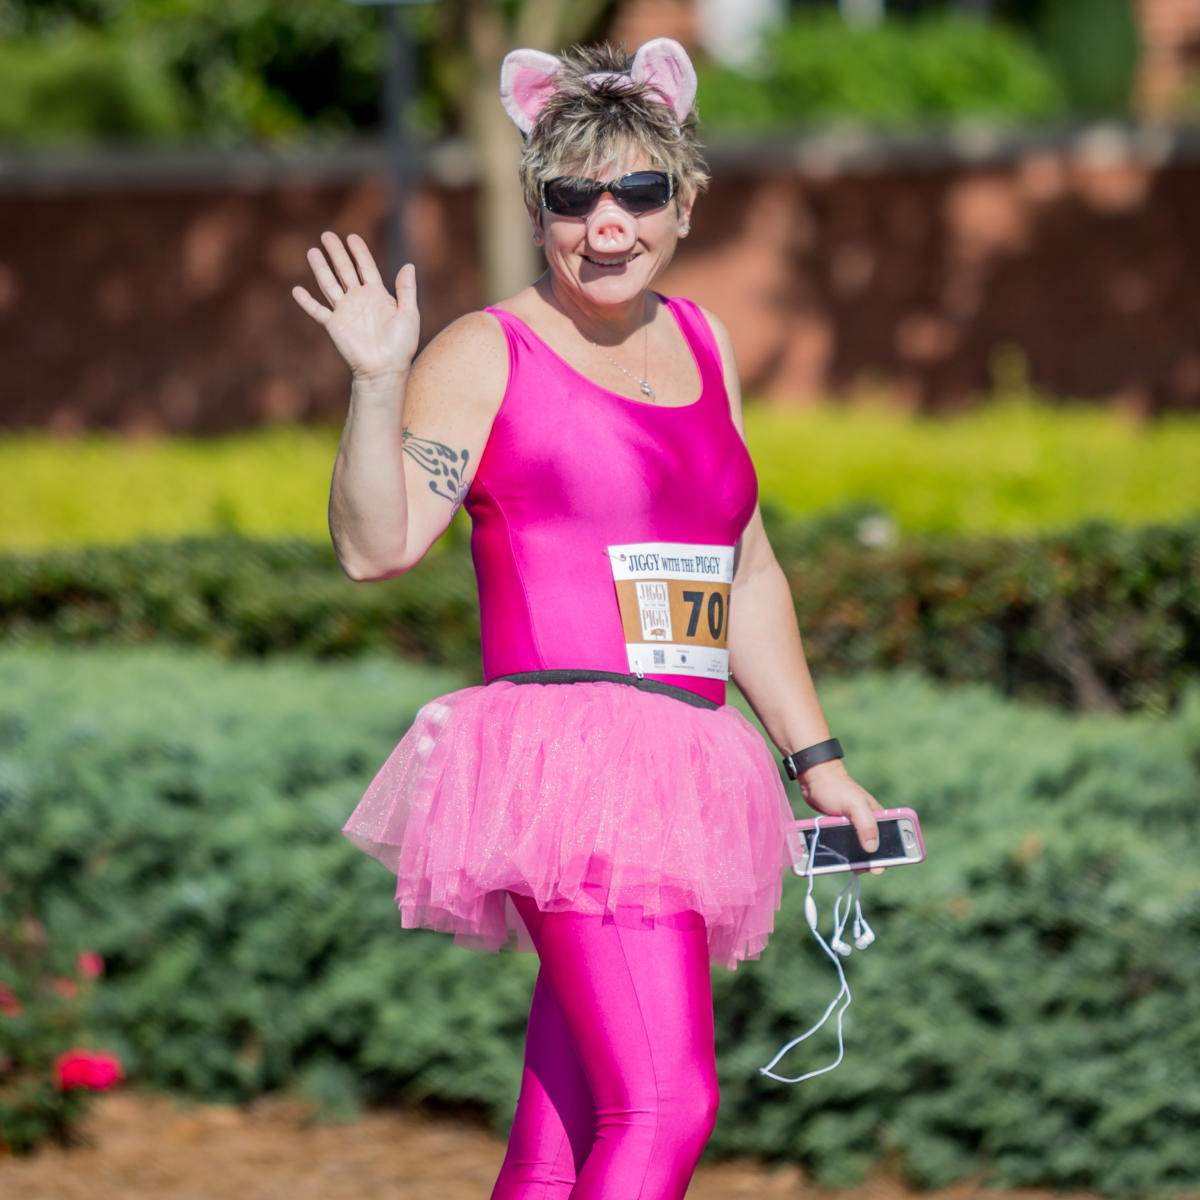 Woman dressed in pig costume running 5k
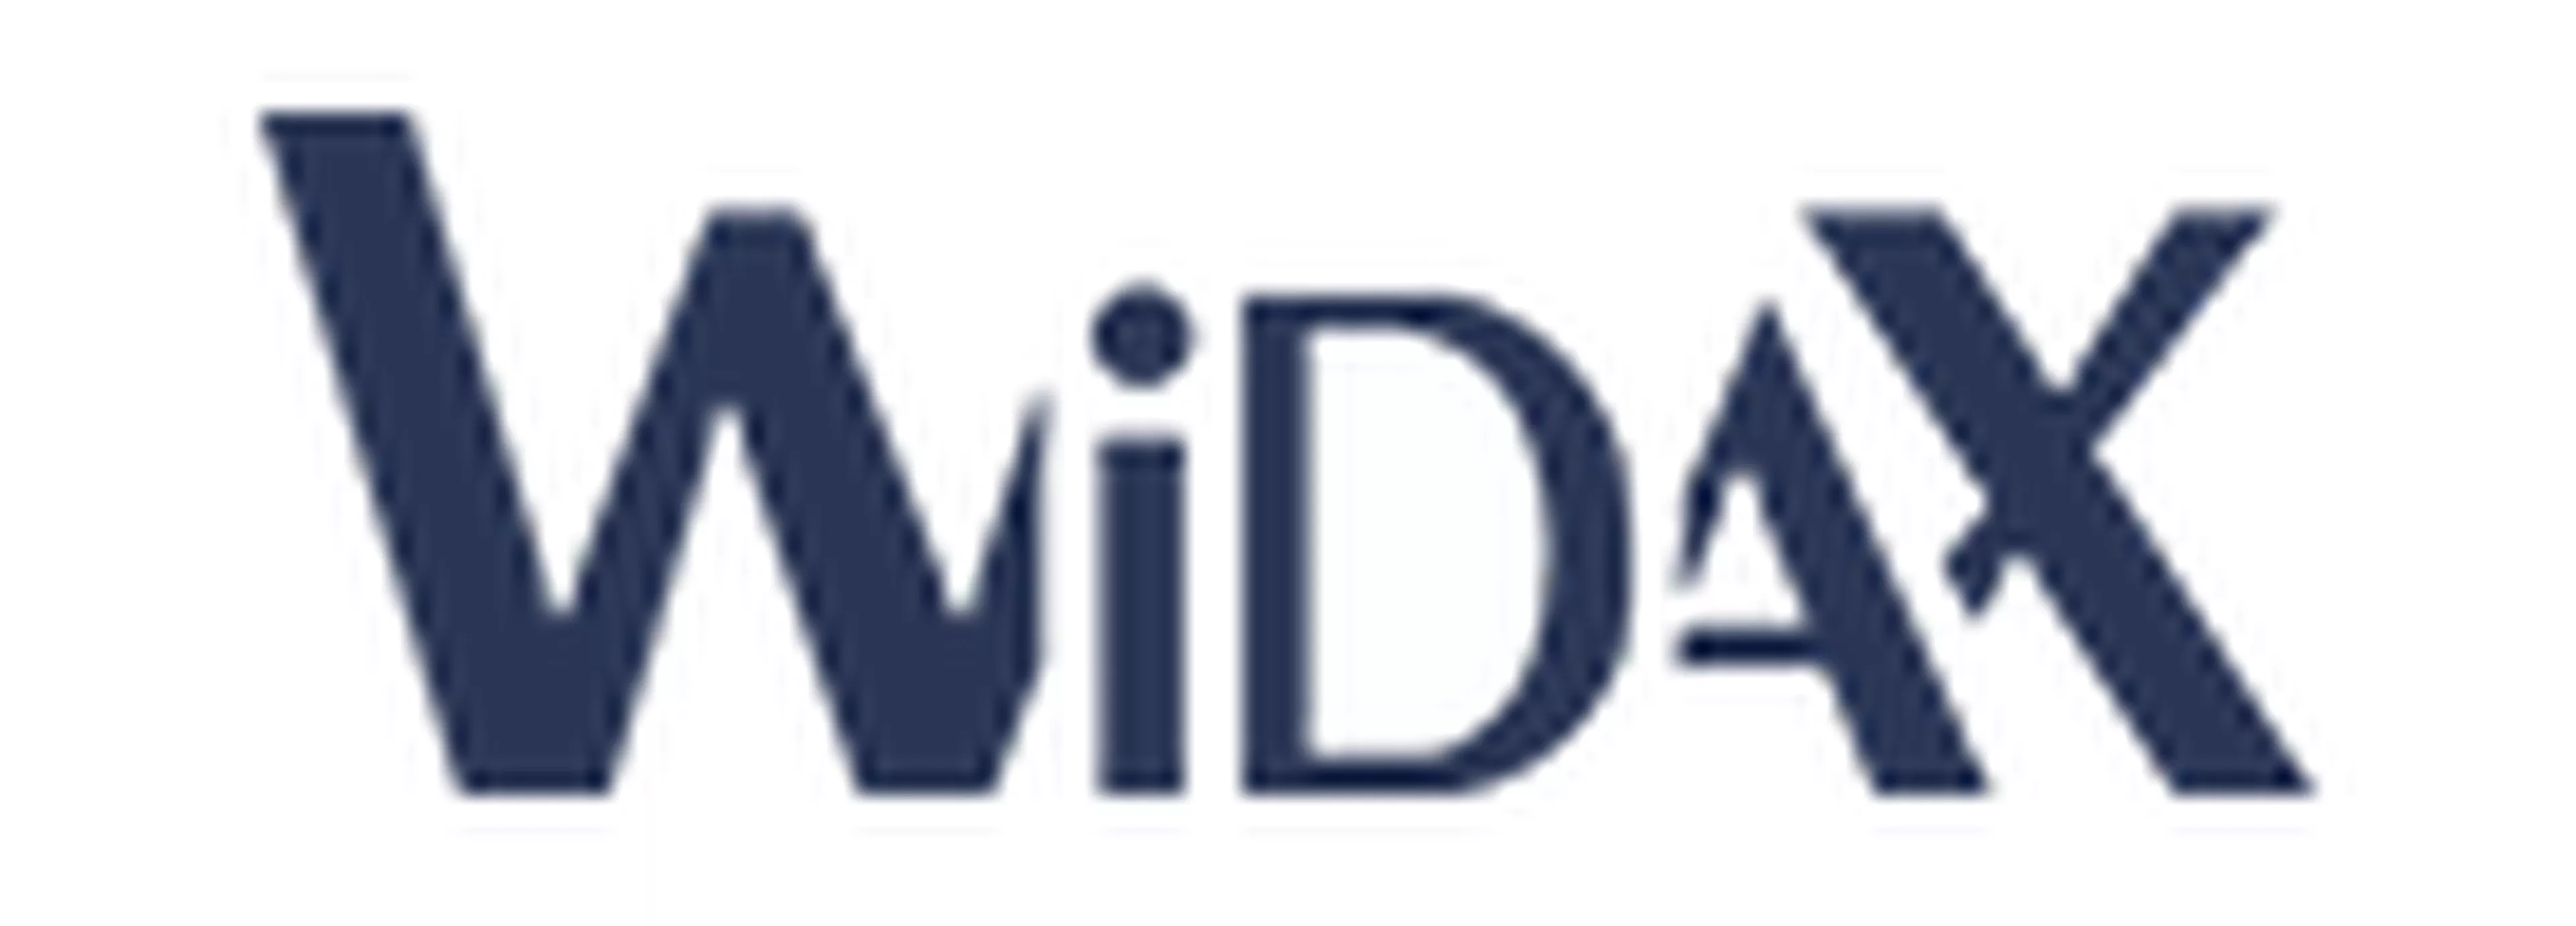 Widax logo
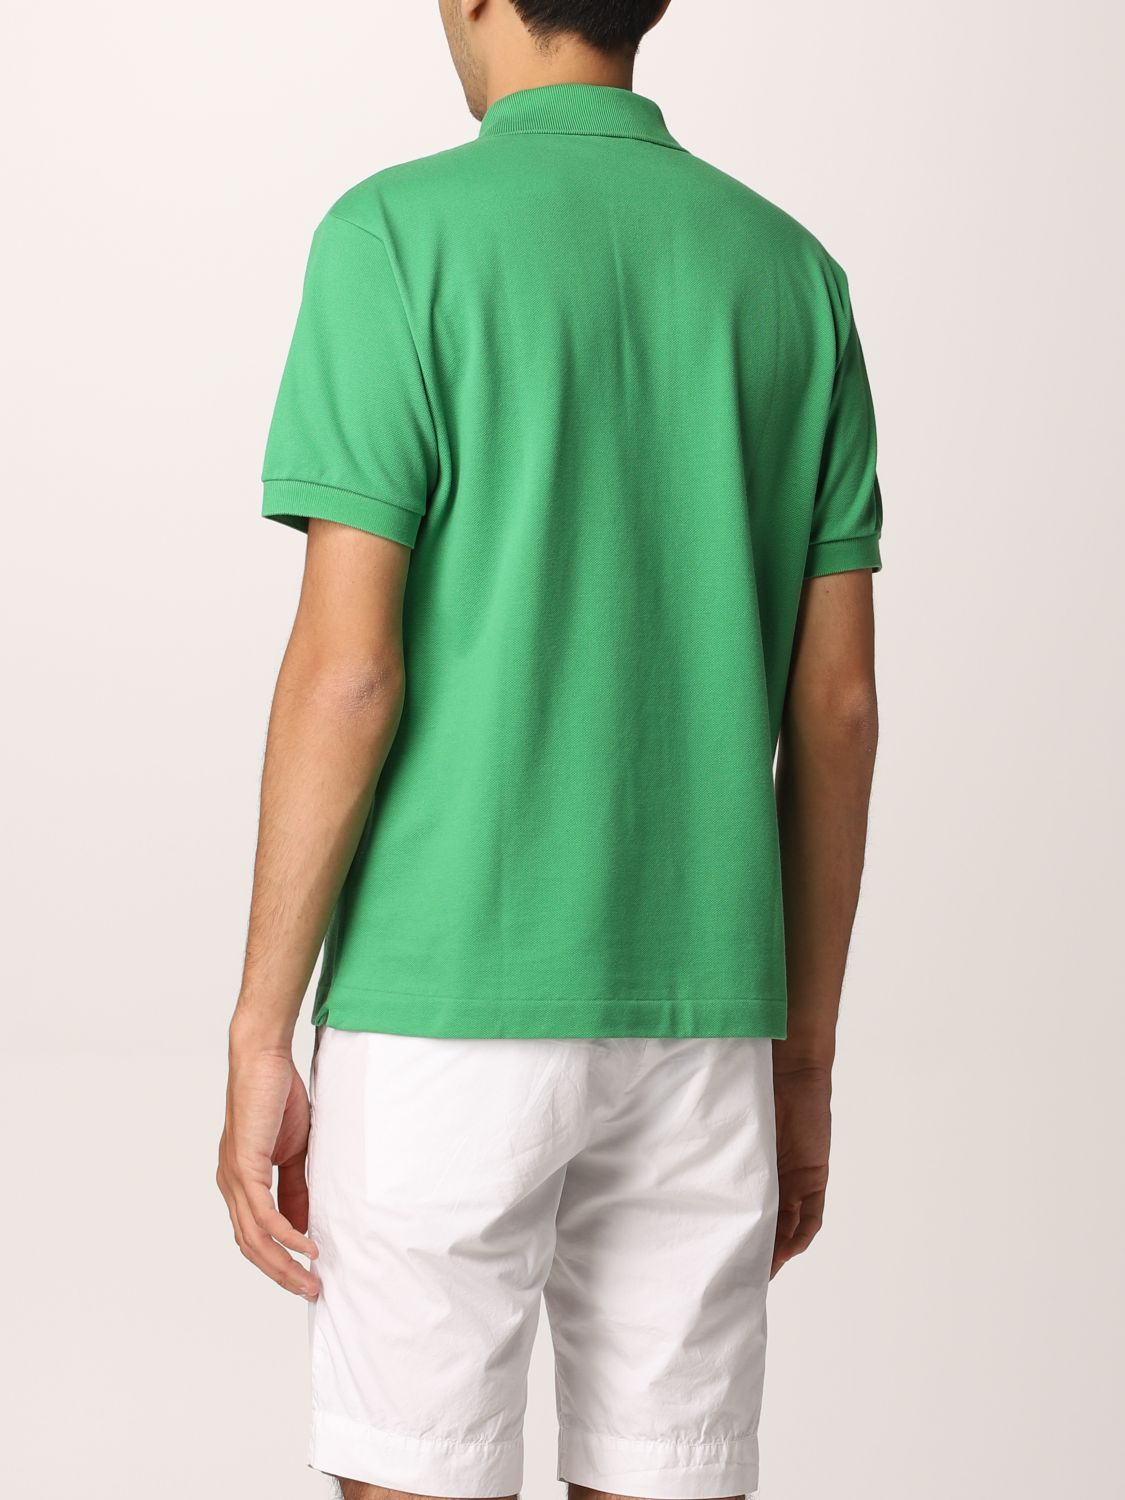 LACOSTE: polo shirt for man - Pistachio | Lacoste polo shirt L1212 ...
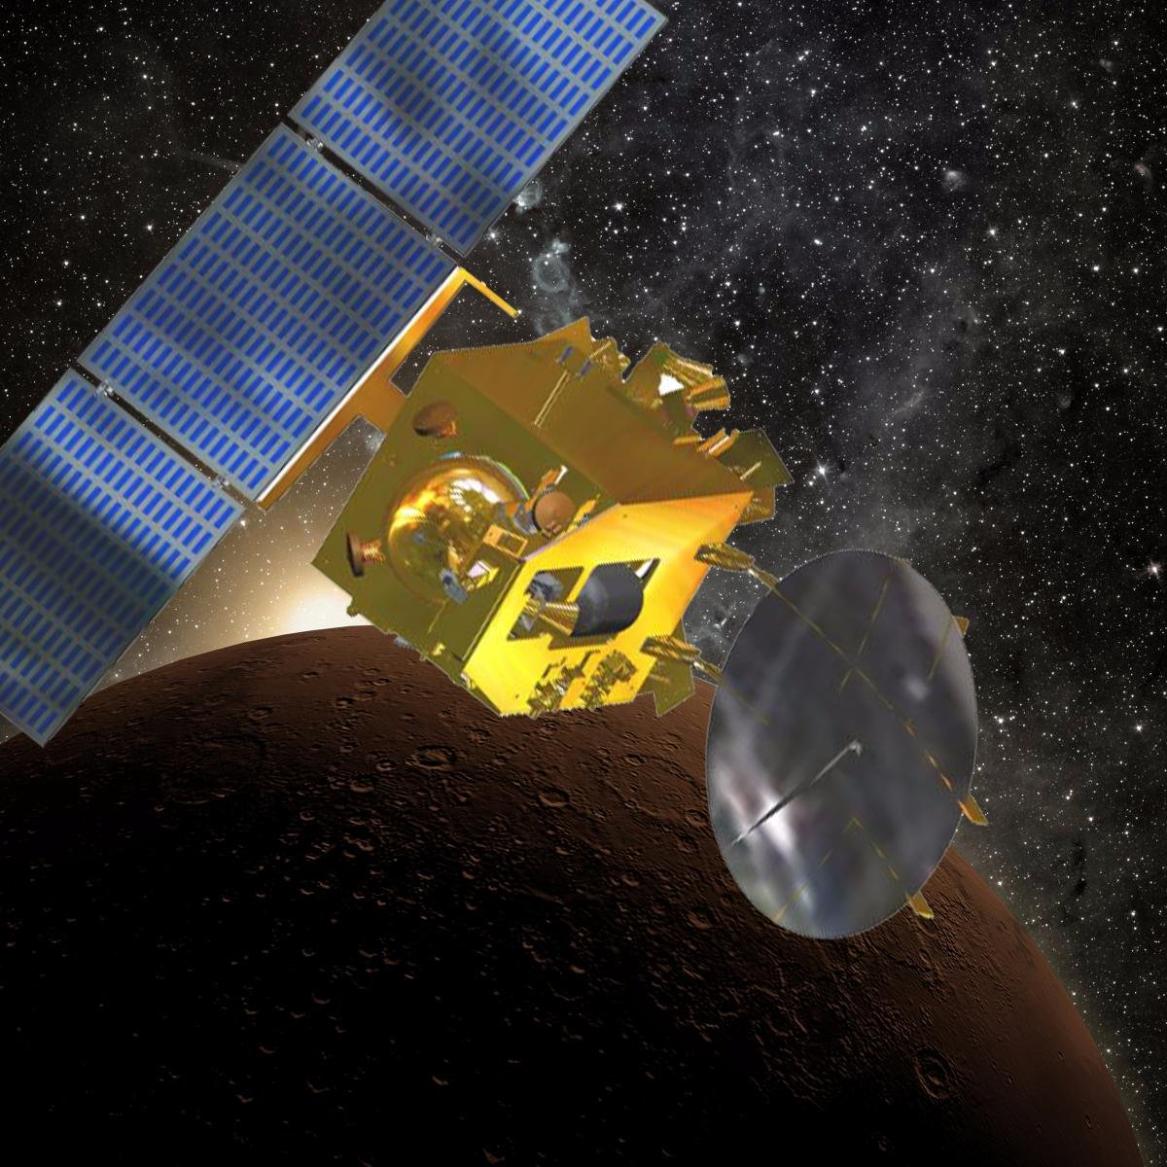 ISRO's Mars Orbiter

◆ ◆ ◆ ◆ ◆ ◆ ◆

EXERCISE DESCRIPTION
Find the line that contains "LACOSTE: polo shirt" and repeat it, along with every line after it to the end of the data, exactly; drop the pictures.

SOLUTION TO THIS EXERCISE
 LACOSTE: polo shirt for man - Pistachio | Lacoste polo shirt L1212 ...
 ISRO's Mars Orbiter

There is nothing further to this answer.